A nova legislação, no entanto, emperra na dificuldade da Prefeitura em remover as antenas multadas. Isso porque, caso a operadora não faça a retirada, a subprefeitura da região teria de abrir concorrência e contratar uma empresa especializada.

Diante do risco de danificar um equipamento particular avaliado em mais de R$ 1 milhão e dos gastos para a remoção, o governo municipal resolveu recorrer ao Judiciário. Desde a entrada em vigor da lei, a Prefeitura entrou com 26 ações que exigem das empresas a retirada de equipamentos. O recurso na Justiça estava previsto pela legislação. Todos os processos já tiveram deferimento favorável ao governo em primeira instância, mas as operadoras recorreram da decisão. Elas argumentam que a Prefeitura não pode legislar sobre o setor de telecomunicações, um tema de alçada federal.

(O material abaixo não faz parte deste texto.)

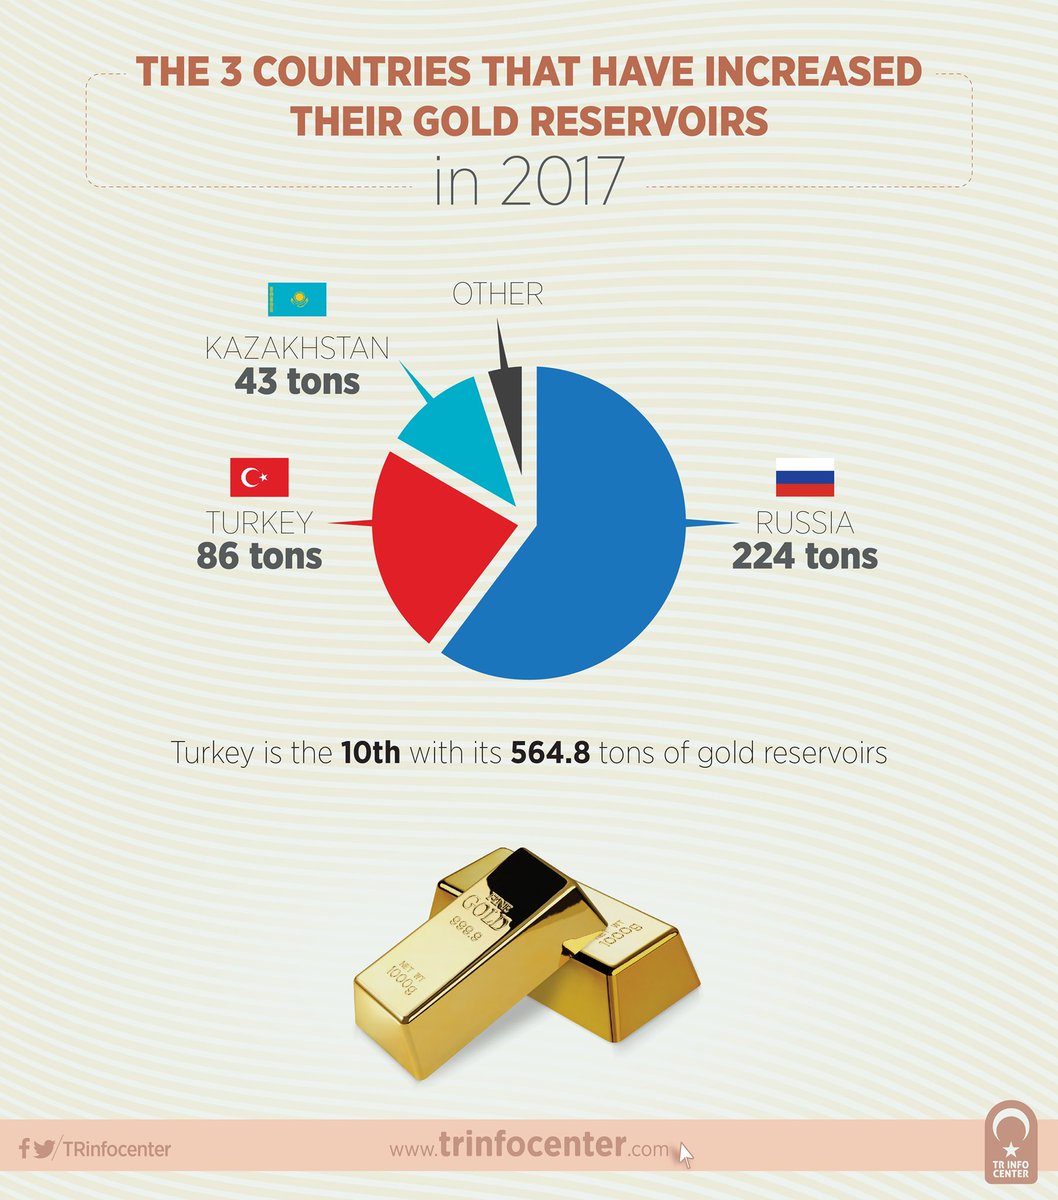 The 3 countries that have increased their gold reservoirs in 2017

"A nova lei não resolveu o problema. Mais uma vez, a questão das antenas vai cair em um limbo jurídico sem escape. As empresas vão recorrer e as ações vão ficar trancadas por cinco anos. E quem é vizinho dessas torres fica refém da situação", afirma o vereador Adilson Amadeu (PTB). Em audiências sobre o assunto realizadas nas últimas duas semanas, 30 dos 31 subprefeitos foram ouvidos na Comissão de Finanças do Legislativo.

Só na Vila Mariana, na zona sul, onde existem 203 antenas, 135 multas de R$ 100 mil foram aplicadas desde abril. Uma das autuadas fica a menos de 100 metros do Colégio Marista Arquidiocesano, na altura do número 2.800 da Avenida Domingos de Moraes - a lei atual veta antenas a menos de 300 metros de escolas, por causa do risco de descargas elétricas nos imóveis vizinhos. Mas o equipamento, que já tinha uma notificação em 2008, segue no mesmo lugar. Outras 63 torres estão regularizadas no bairro. Na maioria dos casos, as empresas instalam a antena primeiro para depois pedir a regularização à Prefeitura.